Pointer to function returning pointer to function returning...
Quote:
>[How do I declare a function such that this is legal?]
> P = P();
Ah, the recursive-function-type question. (Not quite frequent enough for the
FAQ.) I can think of two "clean" solutions, both of which require you to
modify your statement a bit.%
[0] Use the "wrong" type, and cast it. Here "funcp" can be any function
pointer type (it's going to be used as a generic, and never called); I prefer
to use "void (*)(void)", which in a sense is the simplest. Adding a second
typedef for the step-type, func_T (*)(void), may make this look nicer.
typedef void (*func_T)(void);
func_T (*P)(void);
func_T f(void) { ... return (func_T)f; }
for (P=f; P != (func_T (*)(void))0; P = (func_T (*)(void))(*P)());
[1] Create a recursive type using a one-element struct. This works because
you *can* define a structure type recursively. You may want to check whether
your compiler produces efficient code for this.

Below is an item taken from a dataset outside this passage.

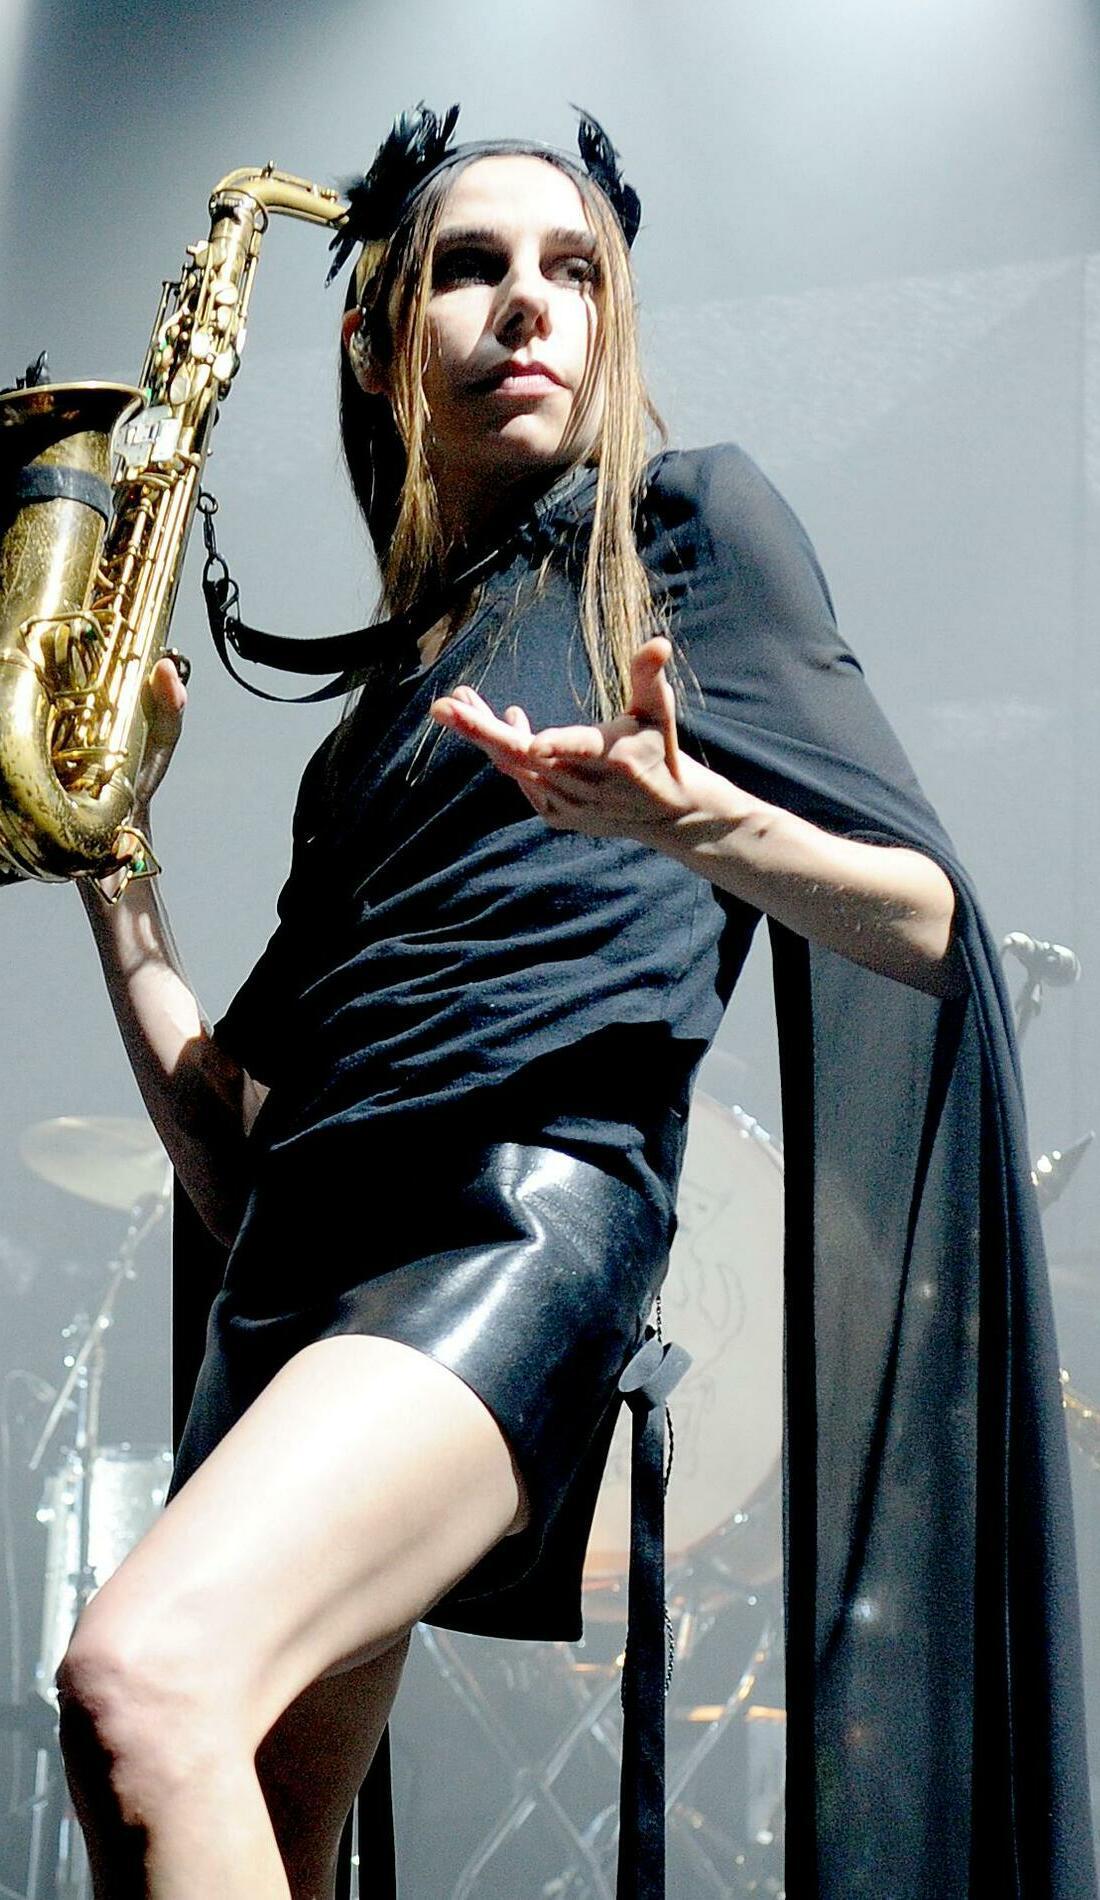 A PJ Harvey live event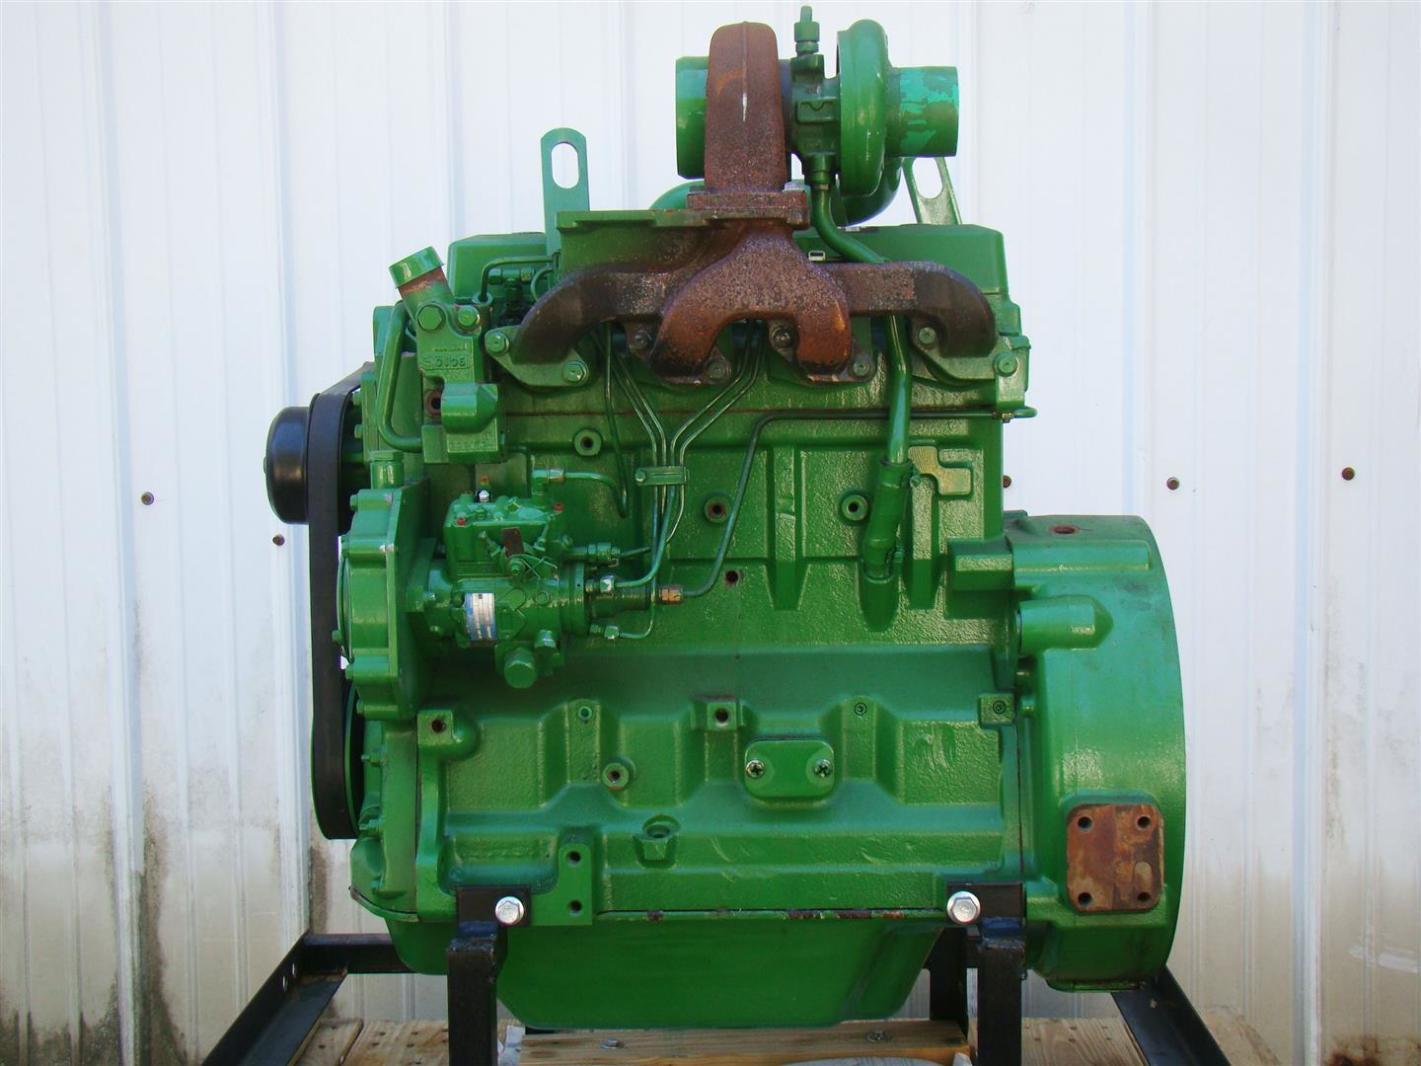 John Deere Diesel Engine 4.5L Turbocharged 4-cylinder 96-23579 4045TF151 | eBay

typedef struct step_T step_T;
struct step_T { step_T (*fn)(void); };
step_T (*P)(void);
step_T f(void) { step_T st; ... st.fn = f; return st; }
for (P=f; P != (step_T (*)(void))0; P = (*P)().fn);
Take your pick.
________
% Also, even though "P()" is a legal way to call through a function pointer in
ANSI C, I'm rewriting it as "(*P)()", partly to make it easier to port to
pre-ANSI compilers (you'll also have to remove the prototypes, of course),
and partly because many of us think that maintaining a syntactic distinction
between functions and function pointers is worth more than the three source
symbols per call that you save by doing it the other way.